The trigeminal nerve (V pair of cranial nerves) innervates the muscles of the lower jaw. The facial nerve (VII pair of cranial nerves) innervates the mimic muscles of the face, the movement of the circular muscles of the mouth and moves the lips, puffing and retracting the cheeks. The glossopharyngeal (IX pair of cranial nerves) and vagus (X pair of cranial nerves) innervate the muscles of the larynx, vocal cords, pharynx, and soft palate. In addition, the vagus nerve is involved in the processes of respiration and the regulation of cardiovascular activity, and the glossopharyngeal nerve is a sensory nerve of the tongue. Accessory (XI pair of cranial nerves) nerve innervates the muscles of the neck. Hypoglossal (XII pair of cranial nerves) nerve innervates the tongue, promotes the implementation of various movements of the tongue, creates its amplitude.

Central department represented by speech zones at the level of the cerebral cortex. The beginning of the study of speech zones was laid by Brock in 1861. He described disorders of articulatory motility in the defeat of the lower parts of the precentral gyrus of the frontal region. Later, this area was called the motor center of Broca's speech, which is responsible for the movement of the organs of articulation.

In 1873, Wernicke describes a violation of speech understanding when the posterior sections of the superior and middle temporal gyri are affected. This area is defined as the sensory center of speech, responsible for recognizing the sounds of native speech by ear and understanding speech.

On the present stage Considering speech activity, it is customary to talk not about motor and sensory speech, but about impressive and expressive speech.

It is believed that both right-handed and left-handed people have the center of speech located in the left hemisphere. This statement was formulated after observing the operated patients. Speech disorders are observed in 70% of right-handers operated on the left hemisphere and in 0.4% of right-handers operated on the right hemisphere. Speech dysfunction is observed in 38% of left-handers operated on the left hemisphere and in 9% of left-handers operated on the right hemisphere.

The development of speech centers in the right hemisphere is possible only if in the early childhood left-sided speech areas were damaged. The formation of speech centers in the right hemisphere acts as a compensation for impaired functions.

Written speech and the process of reading are components of speech activity. These centers are located in the parieto-occipital region of the cerebral cortex of the cerebral hemispheres.

The subcortical region of the cerebral cortex is involved in the formation of speech utterance. The subcortical nuclei of the strio-pallidar system are responsible for the rhythm, tempo, and expressiveness of speech utterance.

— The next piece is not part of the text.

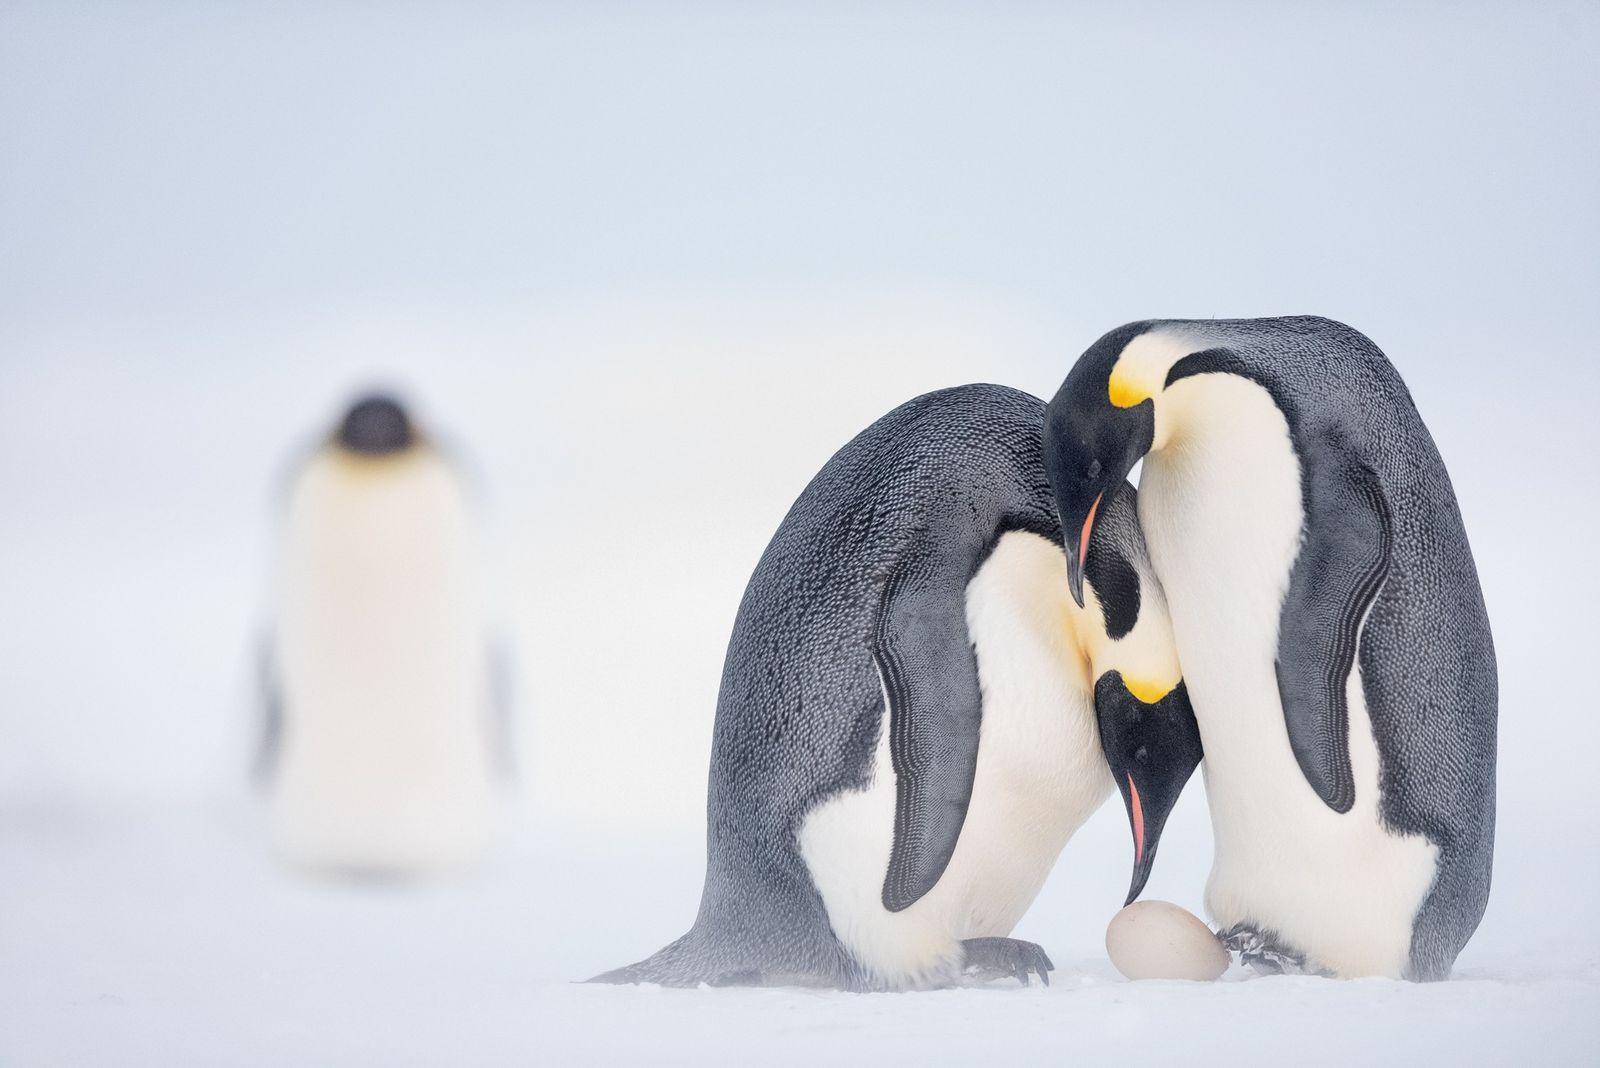 As ice melts, emperor penguins march toward extinction

It should be noted that the implementation of speech activity is possible only under the condition of the integrative activity of all structural formations of the brain and the processes occurring in them, the interaction of all departments of the implementation of the speech function: peripheral, conductive and central.

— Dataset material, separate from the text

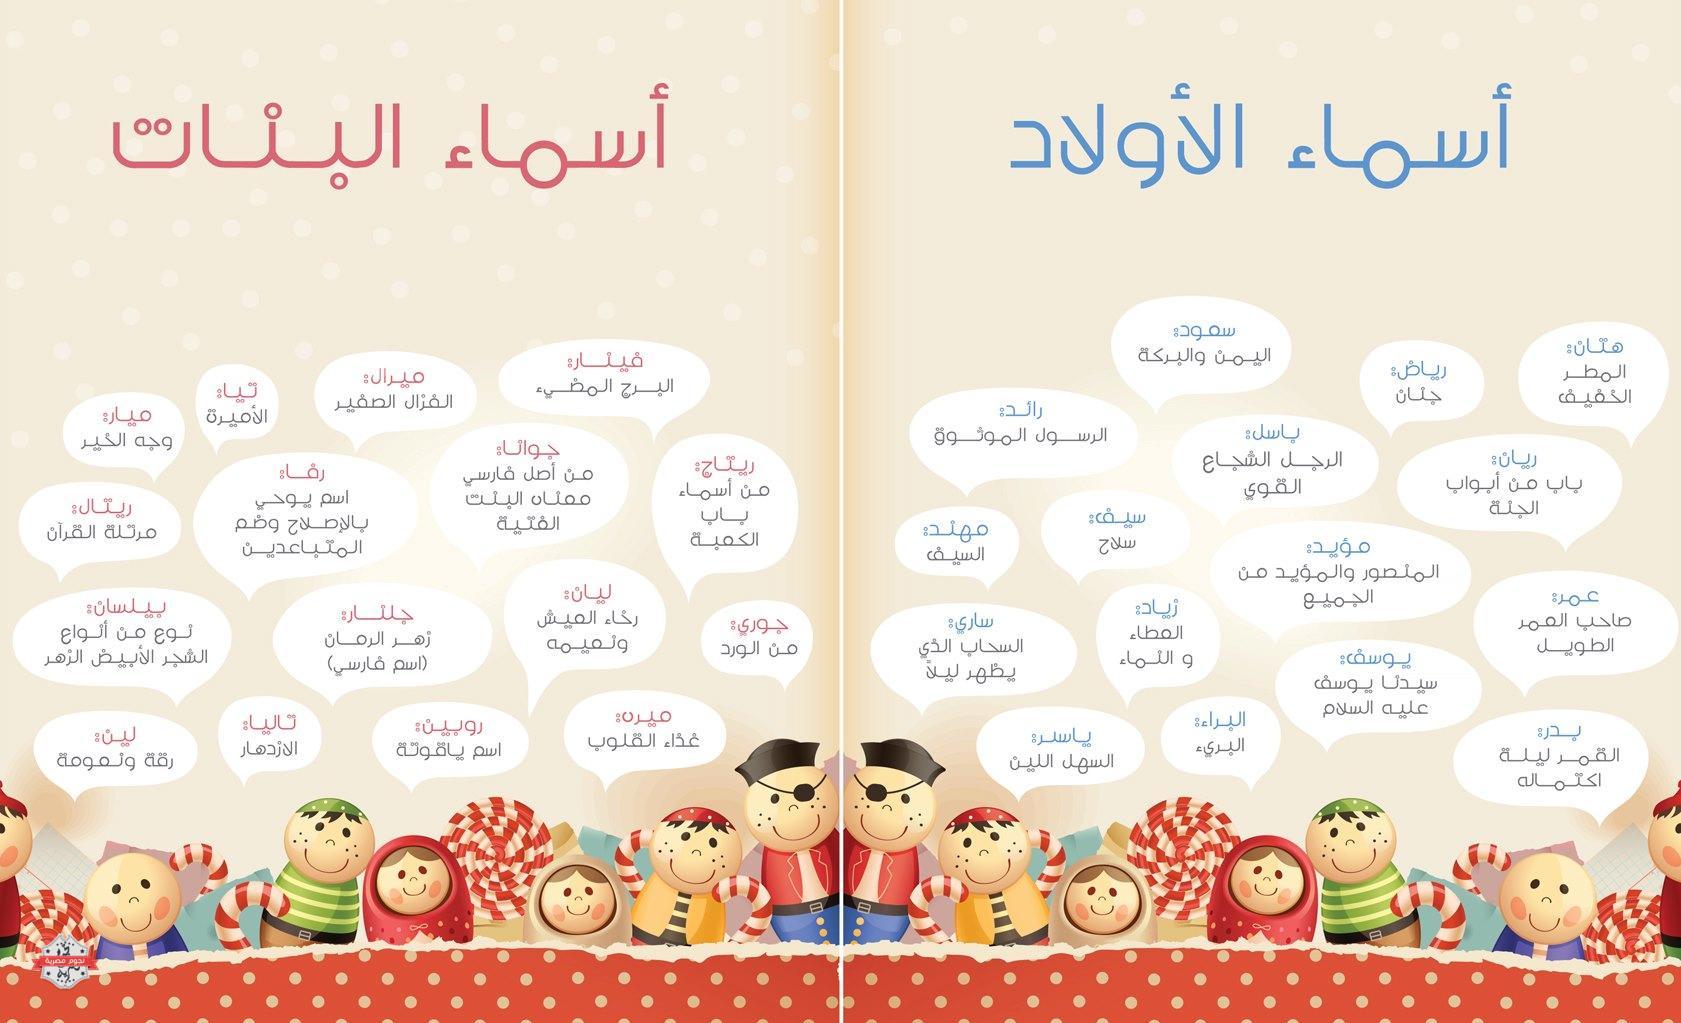 1d7c2491d اسماء اولاد 2019 , اجمل اسماء الاولاد الحديثة - حبيبي

Topic 5. Module 6. Peripheral and central parts of the speech apparatus.

Speech as a special means of communication. The main sections of the speech apparatus: peripheral and central. Organization, regulation and control of speech activity. Sensory and motor speech.

Basic concepts: Wernicke's center, Broca's center, communicative function of speech, articulatory organs of speech, sensory speech (impressive), motor speech (expressive).

Speech as a special means of communication.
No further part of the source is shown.